Кэтрин Куртц - Адепт
— Это что, тоже эксперимент? — поинтересовался он.
Адам со смехом тряхнул головой.
— Вот тебе и осторожный подход. Да, это будет еще один эксперимент. Надеюсь, блокнот для зарисовок у вас с собой? Отлично, значит, захватите его. По дороге я расскажу вам, что мне пришло в голову.
***
Ко времени, когда нашли дополнительные седло и сбрую, Джон, отставной кавалерист ее величества, ныне присматривающий за лошадьми Адама, уже оседлал его любимого мерина и выводил из денника гнедую кобылу для Перегрина. Увидев Адама, кобыла заржала, а мерин навострил уши и потянул повод, чтобы посмотреть. В полумраке конюшни из денников заинтересованно высунулись еще две лошадиные морды.
Конюх расплылся в ухмылке и по-военному отдал честь, потом привязал кобылу к коновязи и стал седлать ее.
— Доброе утро, сэр. Парень уже готов, а Поппи будет через минуту.
— Доброе утро, Джон. Спасибо, — откликнулся Адам. Он провел рукой в перчатке по шелковистой шее серого, тот мягко вздохнул и подставил ему морду, чтобы его погладили.

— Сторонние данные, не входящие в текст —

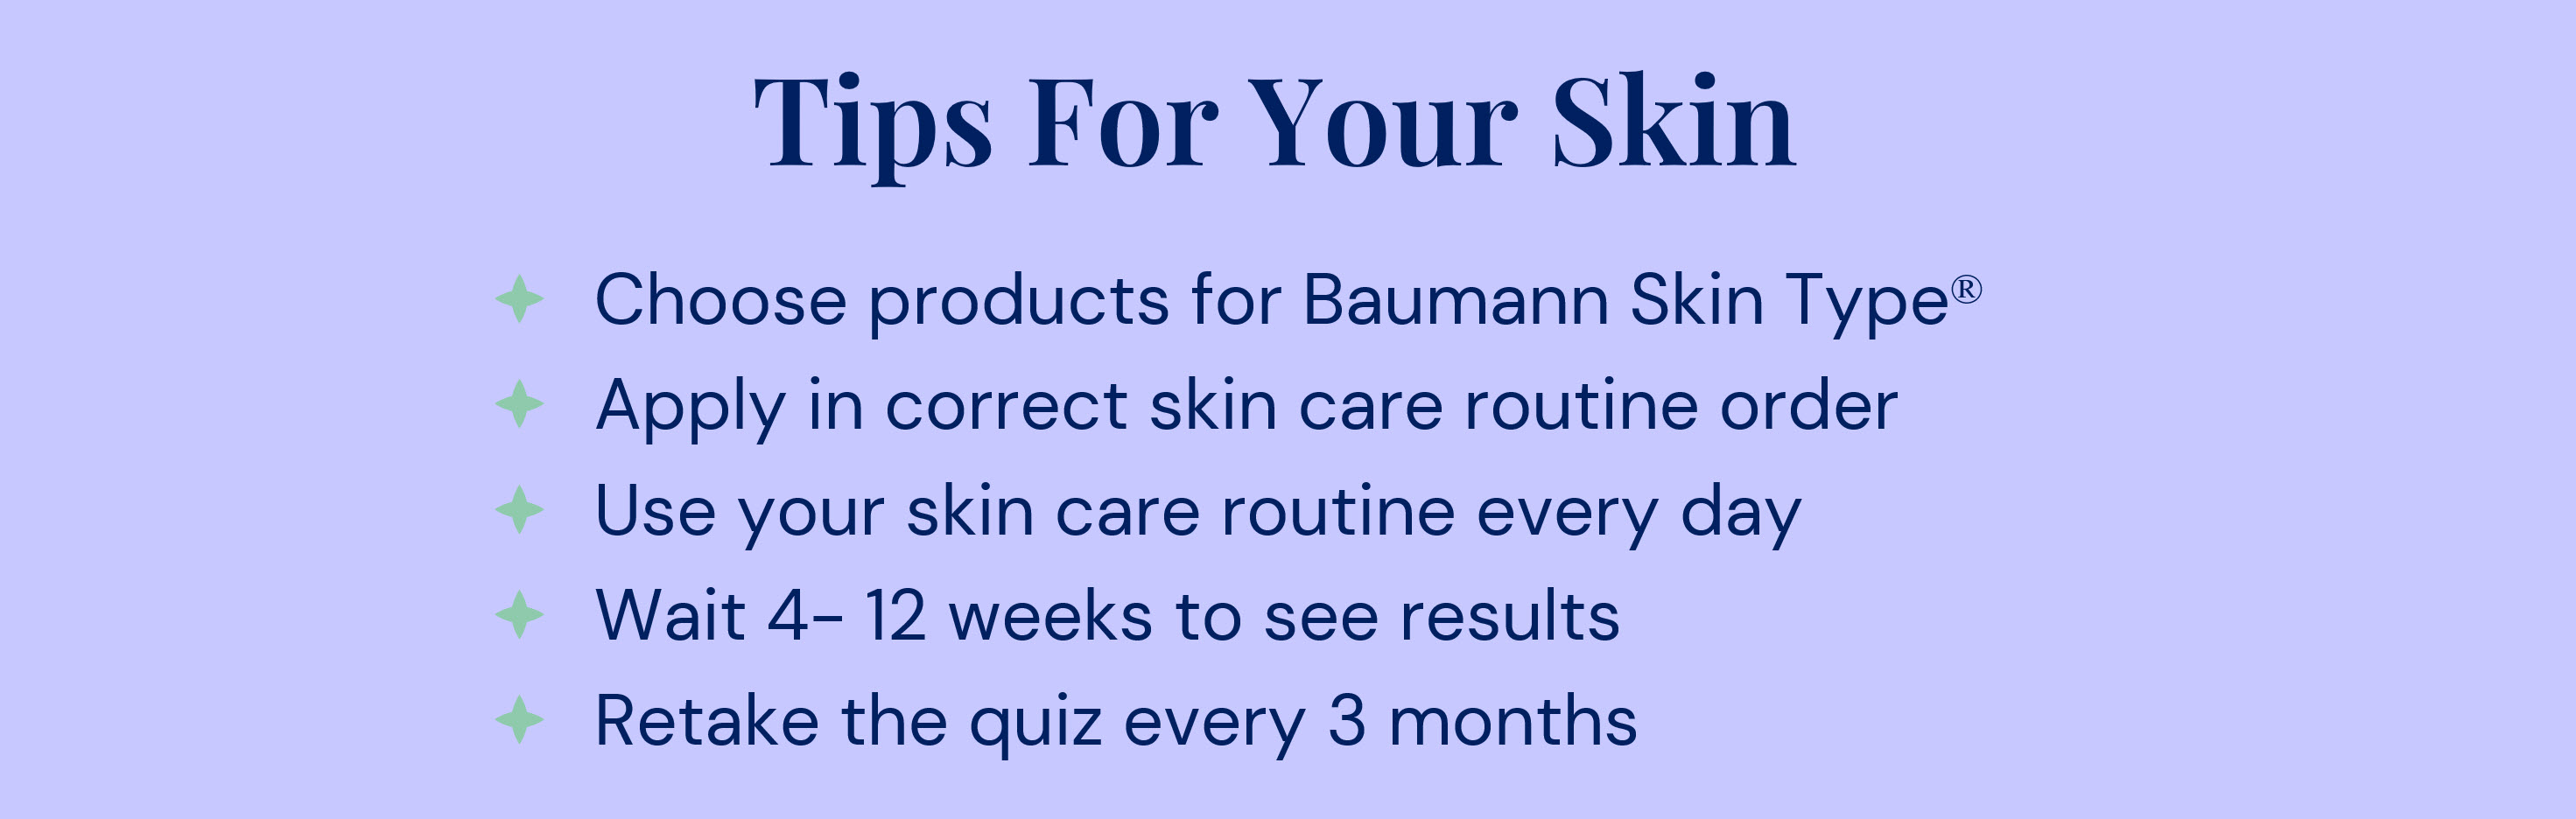 Tips For your Skin.jpg

— Доброе утро и тебе, Халид, — прошептал Адам, похлопывая его. — Ага, так тебе нравится? Вы с Поппи готовы размяться немного?
— О, он подарит вам нынче славную прогулку, сэр, — усмехнулся Джон, застегнув на кобыле уздечку и отходя за седлом. — Характер у обоих прямо золотой, — добавил он специально для Перегрина. — У вас не будет с ней хлопот, мистер Ловэт, если вы хоть раз в седло садились.
— Ну, в школьные годы я охотился, — заверил его Перегрин.
— Раз так, вы с этой леди поладите. И уж от этого сивого верзилы она не отстанет, — сказал Джон, приятельски хлопнув Халида по крупу. — Вам понравится.
После того как Джон помог ему сесть в седло и подогнать стремена, Перегрин подождал Адама и следом за ним поехал со двора. Кобылка с готовностью слушалась всех его команд, явно готовая перейти на галоп, если это ей прикажут, но не раньше — образцовая леди, как и обещал Джон.
Первые десять минут они ехали шагом, давая лошадям разогреться, а Перегрину — заново освоиться в седле после долгого перерыва. Потом проскакали рысью вдоль длинной дренажной канавы, разделявшей два поля, свернули на пастбище и перешли на легкий галоп. Щадя отвыкшего от седла Перегрина, Адам выбрал самую спокойную дорогу. Добравшись до поросшего лесом Темпльморского холма, они снова перешли на шаг.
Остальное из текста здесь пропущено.